Windows Sockets: Stream Sockets
This article describes stream sockets, one of the two Windows Socket types available. (The other type is the datagram socket.)
Stream sockets provide for a data flow without record boundaries: a stream of bytes that can be bidirectional (the application is full duplex: it can both transmit and receive through the socket). Streams can be relied upon to deliver sequenced, unduplicated data. ("Sequenced" means that packets are delivered in the order sent. "Unduplicated" means that you get a particular packet only once.) Receipt of stream messages is guaranteed, and streams are well suited to handling large amounts of data.
The network transport layer may break up or group data into packets of reasonable size. The CSocket class will handle the packing and unpacking for you.
Streams are based on explicit connections: socket A requests a connection to socket B; socket B accepts or rejects the connection request.
A telephone call provides a good analogy for a stream. Under normal circumstances, the receiving party hears what you say in the order that you say it, without duplication or loss. Stream sockets are appropriate, for example, for implementations such as the File Transfer Protocol (FTP), which facilitates transferring ASCII or binary files of arbitrary size.
Stream sockets are preferable to datagram sockets when the data must be guaranteed to arrive and when data size is large. For more information about stream sockets, see the Windows Sockets specification. The specification is available in the Platform SDK.

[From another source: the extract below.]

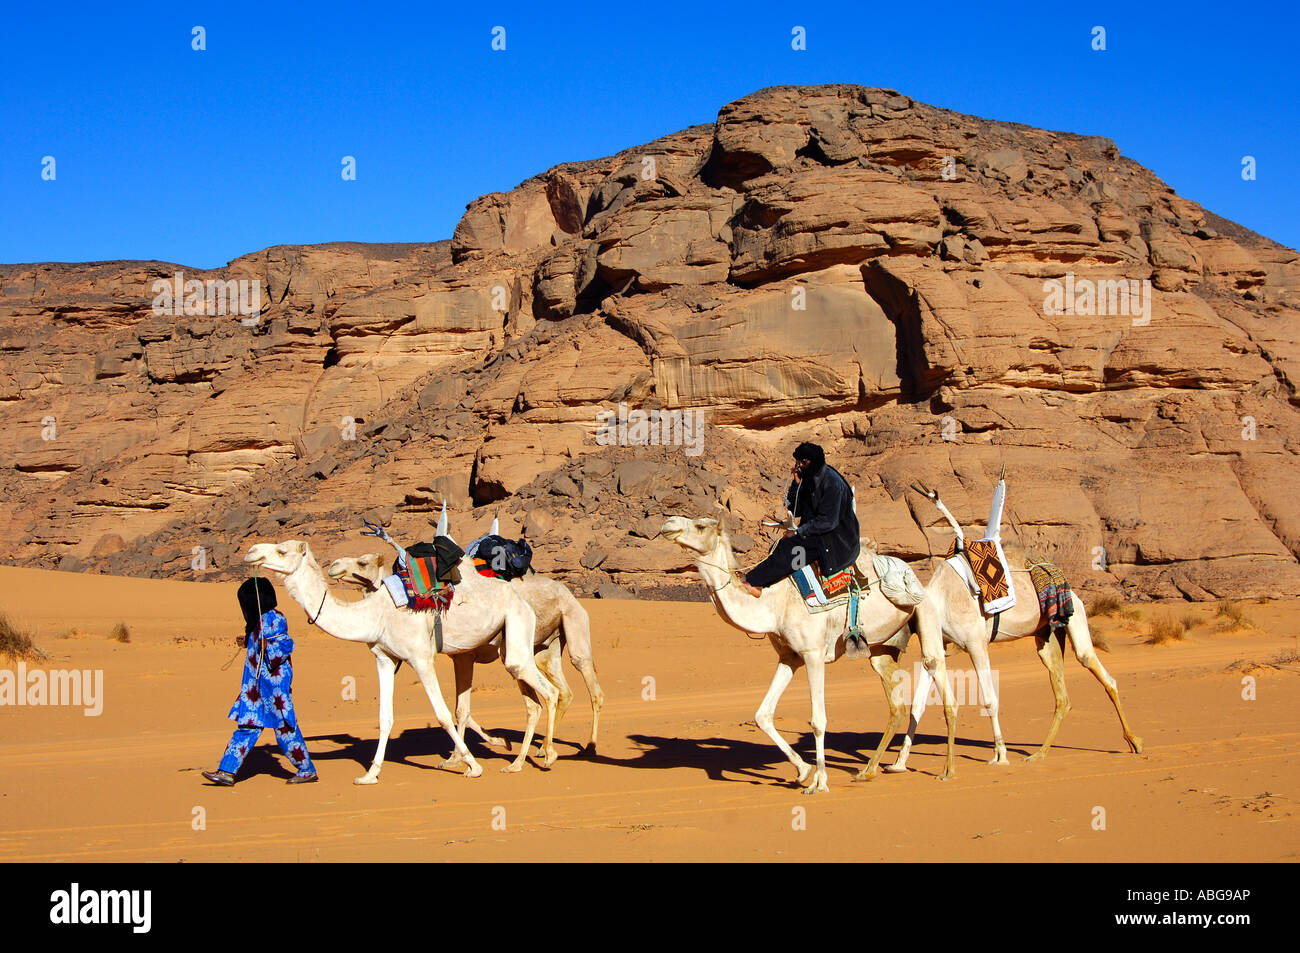 Tuareg with white Mehari riding dromedary, Acacus Mountains, Libya Stock Photo

The MFC samples CHATTER and CHATSRVR use stream sockets. These samples might have been designed to use a datagram socket for broadcasting to all receiving sockets on the network. The present design is superior because
- The broadcast model is subject to network flood (or "storm") problems.
- The client-server model adopted subsequently is more efficient.
- The stream model supplies reliable data transfer, where the datagram model does not.
- The final model takes advantage of the ability to communicate between Unicode and ANSI socket applications that class CArchive lends to class CSocket.
Note If you use class CSocket, you must use a stream. An MFC assertion fails if you specify the socket type as SOCK_DGRAM.